Zara Martirosova Torlone is Professor in the Department of Classics at Miami University, USA. She is the author of Russia and the Classics (2009) and Vergil in Russia (2015), editor of Classical Reception in Eastern Europe (a special issue of Classical Receptions Journal), and co‐editor of Insiders and Outsiders in Russian Cinema (with Stephen Norris, 2008). She has written numerous articles concerning classical literature and its reception, especially in Russian culture.
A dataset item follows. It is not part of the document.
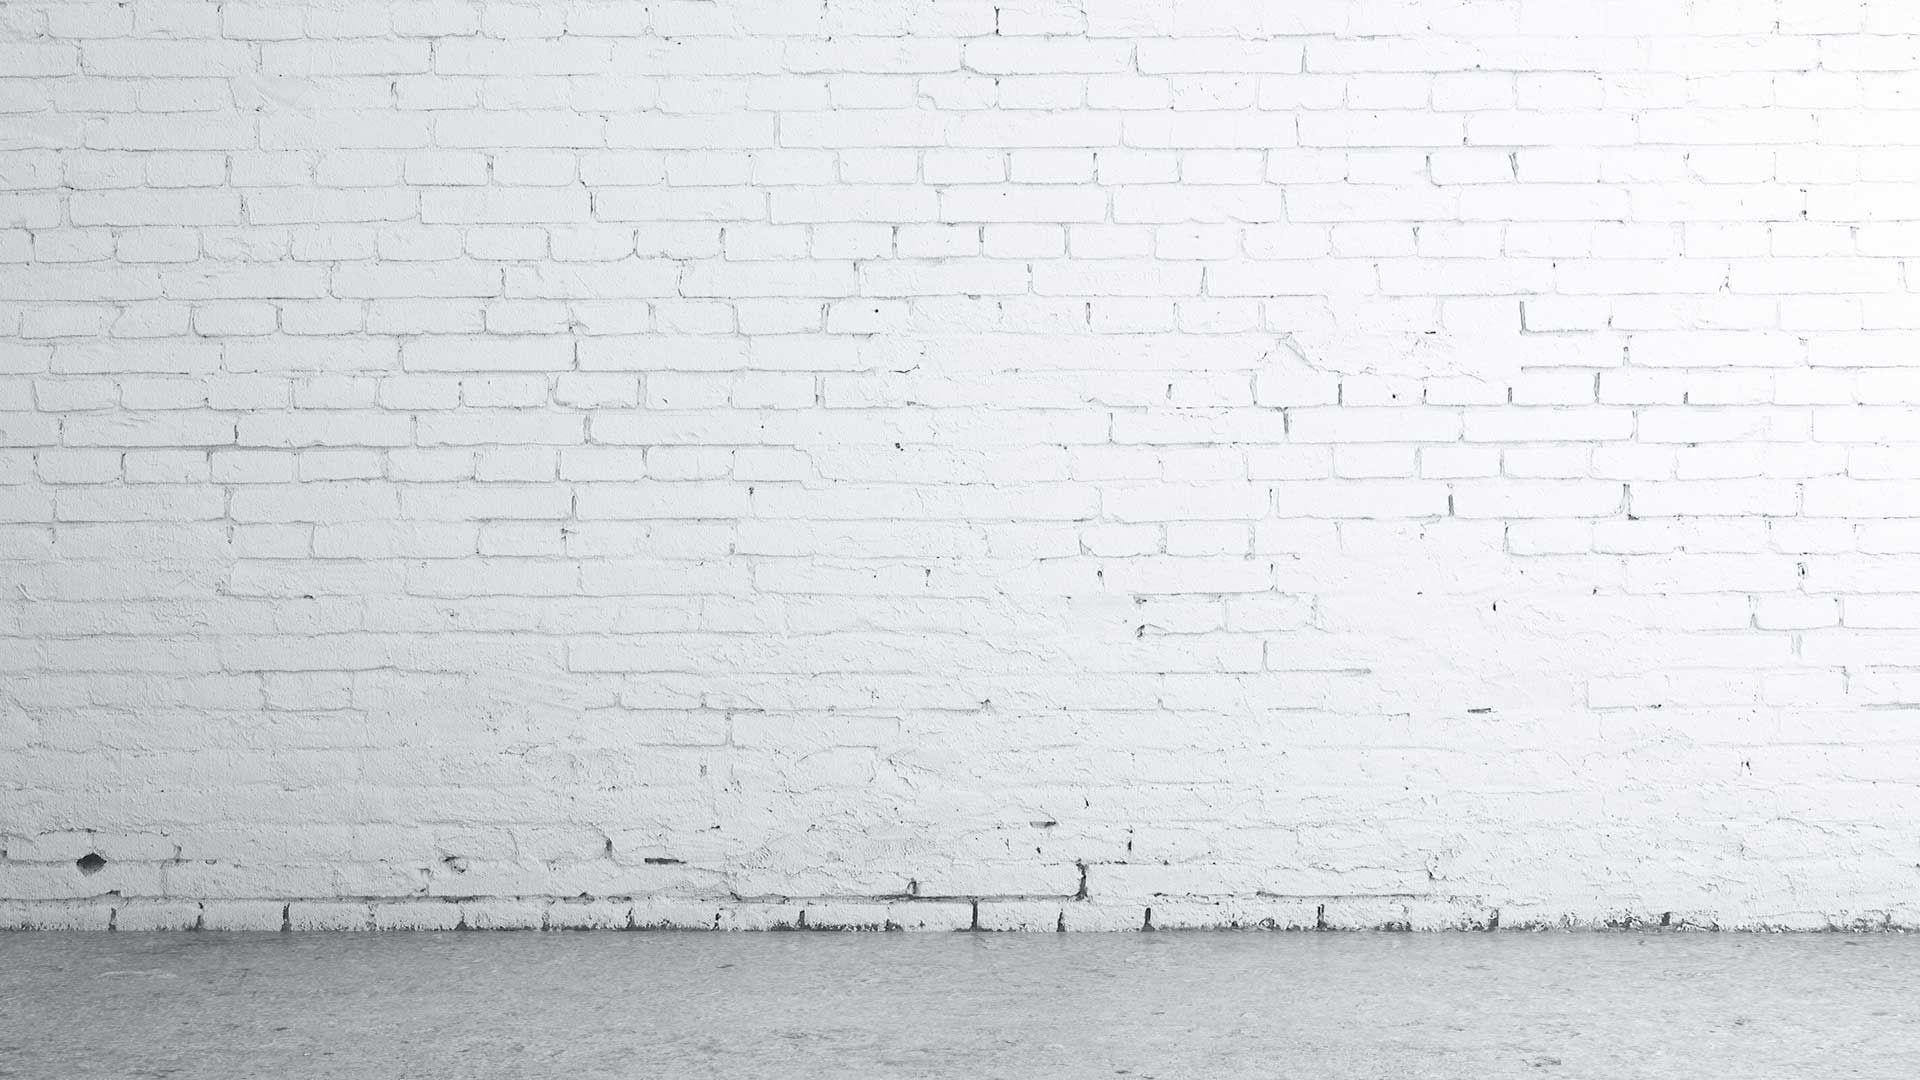 White Brick Wall White Brick Wall 1080p Wallpaper Hdwallpape 1080p Brick Hdwallpape Wall In 2020 White Brick Walls White Brick Wallpaper Brick Wallpaper Hd

Dana LaCourse Munteanu is Associate Professor in the Department of Greek and Latin at Ohio State University, Newark, USA. She is the author of Tragic Pathos: Pity and Fear in Greek Philosophy and Tragedy (2012) and the editor of Emotion, Genre and Gender in Classical Antiquity (2011). She has written several articles on Greek philosophy, tragedy and the reception.

Dorota Dutsch is Associate Professor of Classics at the University of California, Santa Barbara, USA. She is the author of Feminine Discourse in Roman Comedy: On Echoes and Voices (2008), and co‐editor of Women in the Drama of the Roman Republic (with David Konstan and Sharon James, 2015), Ancient Obscenities (with Ann Suter, 2015),and The Fall of the City in the Mediterranean (with Ann Suter and Mary Bachvarova, 2016).